- _What is expected_
Which of the lines below mention the word "kratkim"? Pull each one out.

******************************

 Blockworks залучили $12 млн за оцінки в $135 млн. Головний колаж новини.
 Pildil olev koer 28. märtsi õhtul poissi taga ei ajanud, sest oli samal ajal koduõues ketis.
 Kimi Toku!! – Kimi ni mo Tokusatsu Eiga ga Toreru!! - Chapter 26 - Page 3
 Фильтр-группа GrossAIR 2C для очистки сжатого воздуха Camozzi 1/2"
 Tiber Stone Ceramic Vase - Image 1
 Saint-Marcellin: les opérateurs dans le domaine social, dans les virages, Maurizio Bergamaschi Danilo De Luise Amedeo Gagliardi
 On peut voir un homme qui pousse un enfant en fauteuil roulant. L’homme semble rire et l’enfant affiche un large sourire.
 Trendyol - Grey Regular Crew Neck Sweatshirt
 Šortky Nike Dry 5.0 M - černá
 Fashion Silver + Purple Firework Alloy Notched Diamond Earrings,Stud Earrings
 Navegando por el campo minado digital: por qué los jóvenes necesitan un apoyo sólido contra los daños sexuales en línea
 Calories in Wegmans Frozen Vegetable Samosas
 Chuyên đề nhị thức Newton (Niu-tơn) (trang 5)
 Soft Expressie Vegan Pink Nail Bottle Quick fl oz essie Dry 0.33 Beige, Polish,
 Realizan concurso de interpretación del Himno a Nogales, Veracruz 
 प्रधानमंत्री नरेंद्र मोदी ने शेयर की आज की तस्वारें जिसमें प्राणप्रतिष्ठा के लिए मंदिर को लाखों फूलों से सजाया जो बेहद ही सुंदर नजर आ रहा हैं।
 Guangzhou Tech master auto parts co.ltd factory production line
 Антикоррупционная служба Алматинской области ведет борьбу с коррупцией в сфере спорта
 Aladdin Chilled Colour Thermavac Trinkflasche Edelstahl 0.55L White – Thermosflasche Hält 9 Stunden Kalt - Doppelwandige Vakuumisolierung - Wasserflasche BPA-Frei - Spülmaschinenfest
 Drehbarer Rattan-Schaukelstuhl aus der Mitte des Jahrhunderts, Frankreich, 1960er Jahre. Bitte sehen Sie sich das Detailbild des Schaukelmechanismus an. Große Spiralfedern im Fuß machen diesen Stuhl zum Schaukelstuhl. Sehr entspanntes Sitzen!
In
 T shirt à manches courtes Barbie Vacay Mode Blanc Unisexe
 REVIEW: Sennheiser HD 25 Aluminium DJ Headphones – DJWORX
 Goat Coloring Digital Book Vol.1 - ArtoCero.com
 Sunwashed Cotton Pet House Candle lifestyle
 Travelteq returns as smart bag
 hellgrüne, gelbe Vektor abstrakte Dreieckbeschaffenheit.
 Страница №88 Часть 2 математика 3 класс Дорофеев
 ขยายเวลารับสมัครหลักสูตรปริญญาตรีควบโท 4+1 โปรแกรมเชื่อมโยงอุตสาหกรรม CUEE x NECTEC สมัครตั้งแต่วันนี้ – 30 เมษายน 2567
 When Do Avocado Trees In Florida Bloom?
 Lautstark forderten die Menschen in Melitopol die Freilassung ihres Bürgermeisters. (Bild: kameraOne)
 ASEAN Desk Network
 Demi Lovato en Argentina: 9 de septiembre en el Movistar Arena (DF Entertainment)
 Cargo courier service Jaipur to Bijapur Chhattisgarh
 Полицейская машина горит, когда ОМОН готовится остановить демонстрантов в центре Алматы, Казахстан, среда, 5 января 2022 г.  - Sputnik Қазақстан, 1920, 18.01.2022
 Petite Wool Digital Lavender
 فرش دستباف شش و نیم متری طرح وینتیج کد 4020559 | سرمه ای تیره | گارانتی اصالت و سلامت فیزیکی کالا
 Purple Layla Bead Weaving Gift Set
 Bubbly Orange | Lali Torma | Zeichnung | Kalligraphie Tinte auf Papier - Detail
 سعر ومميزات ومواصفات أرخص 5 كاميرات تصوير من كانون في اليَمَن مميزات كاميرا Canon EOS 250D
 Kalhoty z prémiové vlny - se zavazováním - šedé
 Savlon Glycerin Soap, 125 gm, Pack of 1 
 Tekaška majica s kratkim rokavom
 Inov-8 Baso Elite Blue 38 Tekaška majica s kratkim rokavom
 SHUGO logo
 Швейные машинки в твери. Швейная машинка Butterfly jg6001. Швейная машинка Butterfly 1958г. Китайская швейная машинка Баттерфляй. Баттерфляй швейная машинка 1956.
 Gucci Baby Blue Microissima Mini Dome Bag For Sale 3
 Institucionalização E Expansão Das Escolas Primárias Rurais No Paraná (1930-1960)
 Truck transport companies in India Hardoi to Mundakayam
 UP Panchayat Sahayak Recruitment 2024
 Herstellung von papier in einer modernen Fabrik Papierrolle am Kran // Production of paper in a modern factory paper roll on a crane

******************************

- _Result_
 Tekaška majica s kratkim rokavom
 Inov-8 Baso Elite Blue 38 Tekaška majica s kratkim rokavom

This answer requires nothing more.